Cyclopropyldiphenylsulfonium Tetrafluoroborate1

[33462-81-6]  · C15H15BF4S  · Cyclopropyldiphenylsulfonium Tetrafluoroborate  · (MW 314.15)

(versatile C3 building block; reagent for the spiroannulation of carbonyl compounds)

Physical Data: mp 136-138 °C.

Solubility: used as a suspension in THF, DME, DMSO, MeCN.

Form Supplied in: white solid; commercially available.

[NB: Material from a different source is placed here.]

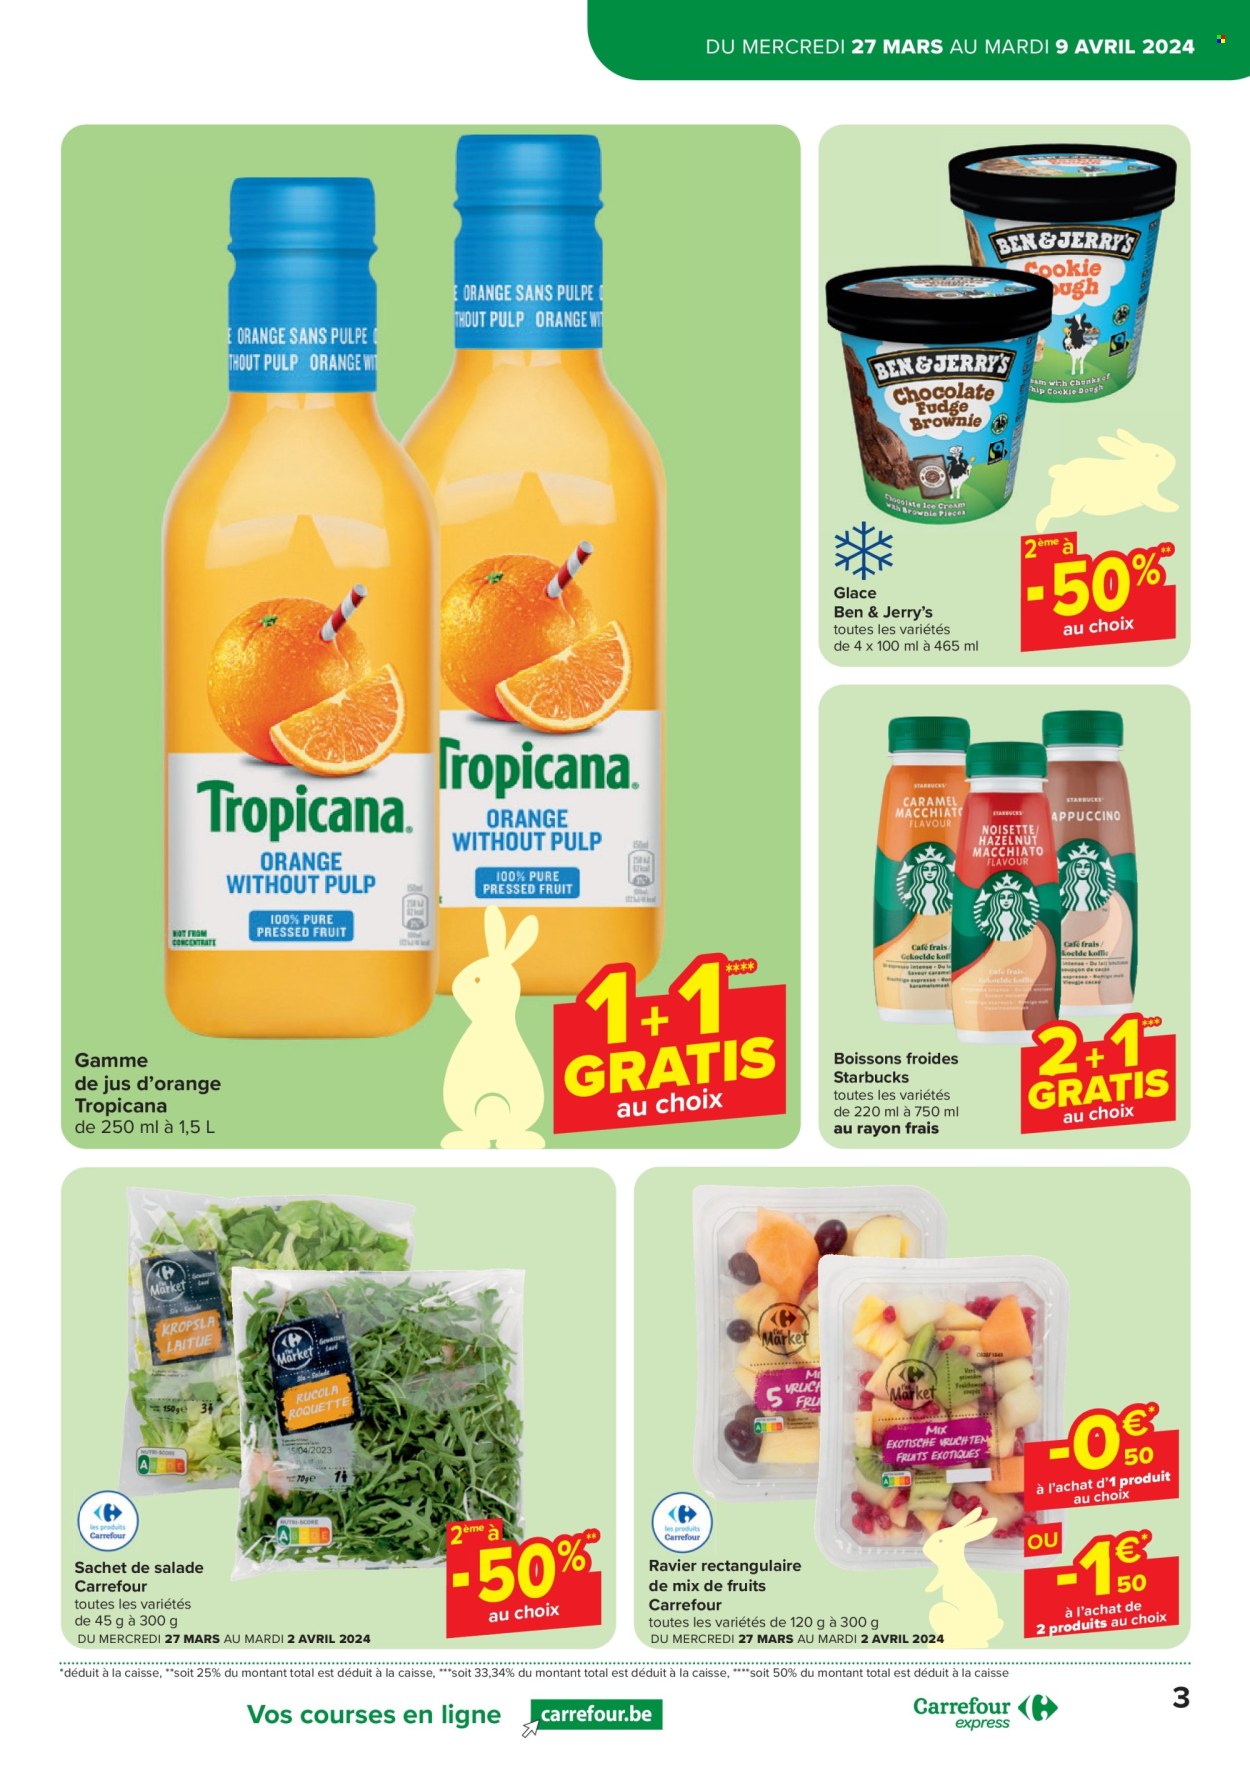 Catalogue Carrefour express - 27.3.2024 - 2.4.2024. Page 3.

Preparative Methods: see eq 1.2

Introduction.

Cyclopropyldiphenylsulfonium tetrafluoroborate is primarily used for the generation of the corresponding ylide which is synthetically useful. The ylide can be used in a variety of transformations including synthesis of cyclobutanones, g-butyrolactones, cyclopentanones, and spiropentanes.

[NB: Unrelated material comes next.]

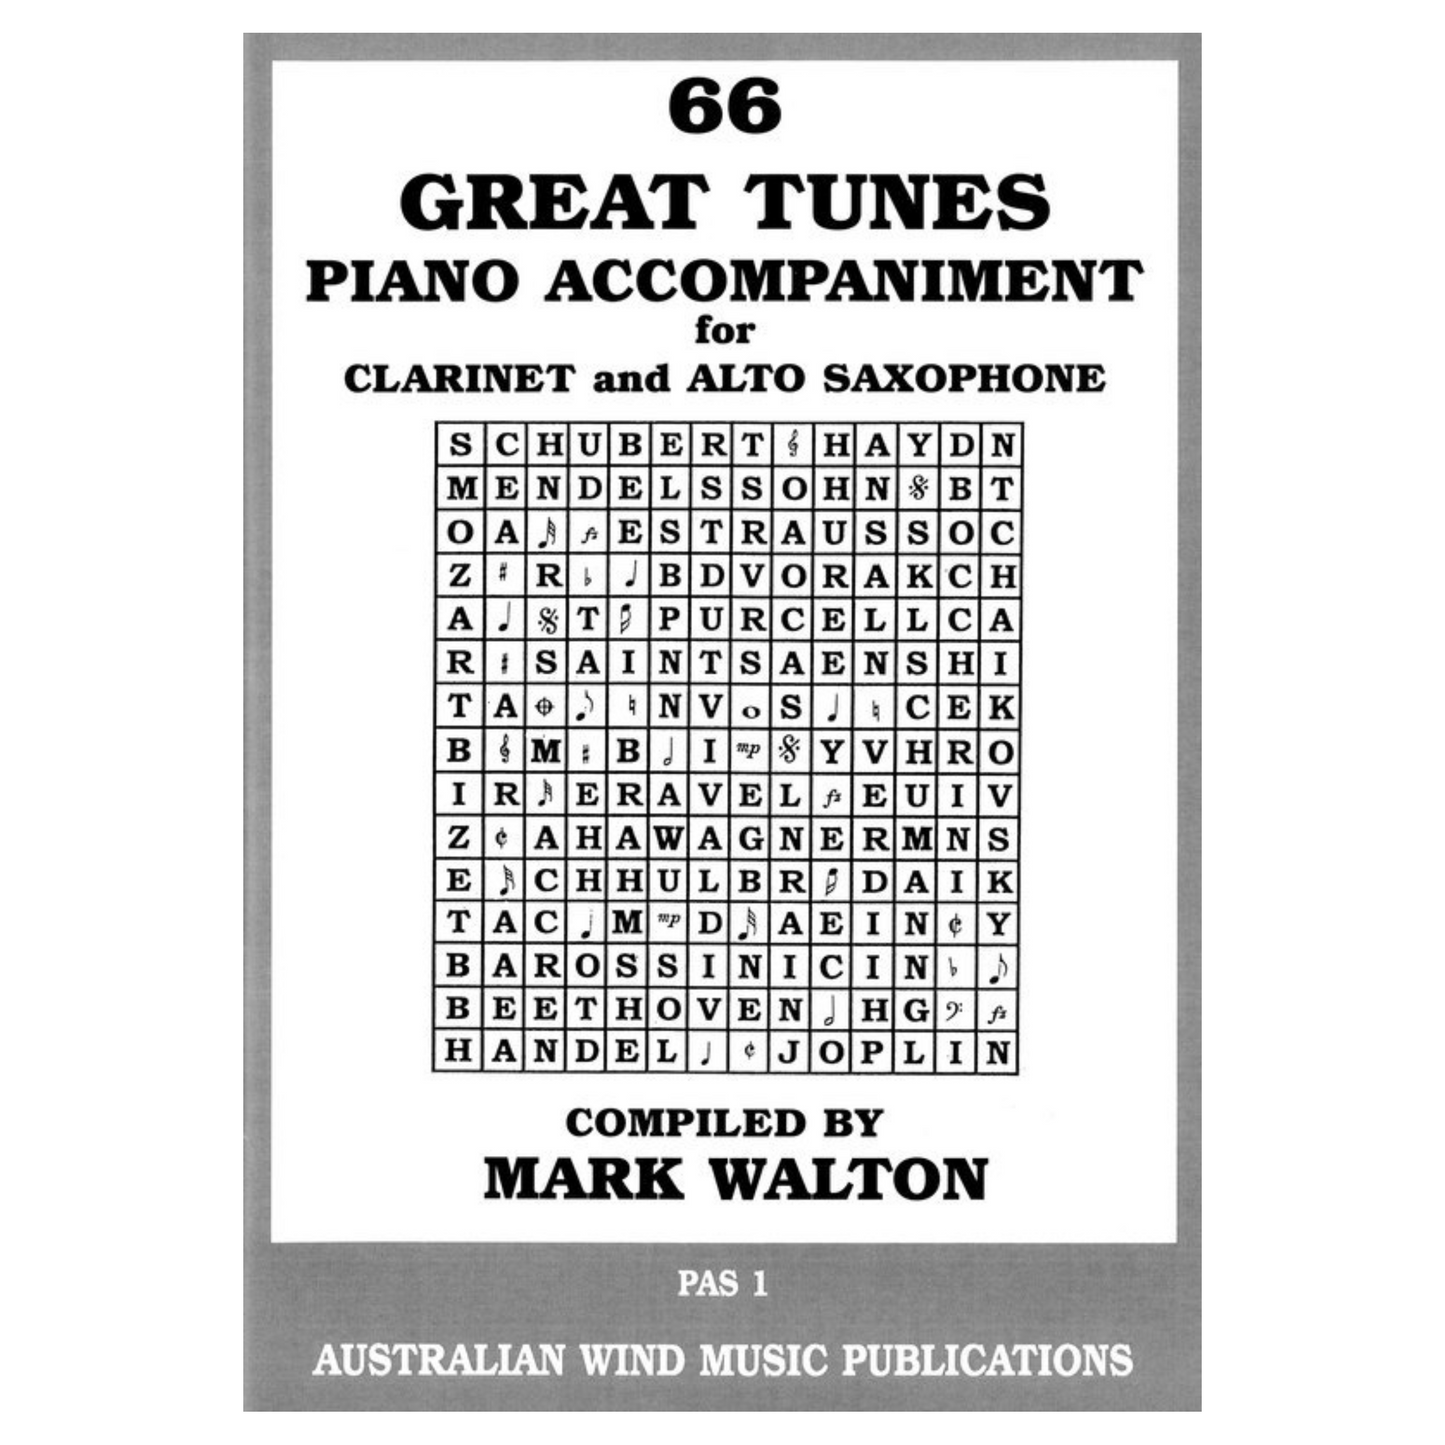 66 Great Tunes For Clarinet and Alto Saxophone - Piano Accompaniment Book

Generation of Diphenylsulfonium Cyclopropylide.

The ylide can be formed by deprotonation of the sulfonium salt under reversible or irreversible conditions. Treatment with dimsylsodium in DME at -40 °C irreversibly generates the ylide.3 Low temperatures are required in order to avoid decomposition of the ylide to cyclopropyl phenyl sulfide and benzyne. Generation of the ylide under reversible conditions with powdered Potassium Hydroxide in DMSO at room temperature2b minimizes thermal decomposition because the equilibrium between the sulfonium salt and ylide favors the salt.

Formation of Spiropentanes and Oxaspiropentanes.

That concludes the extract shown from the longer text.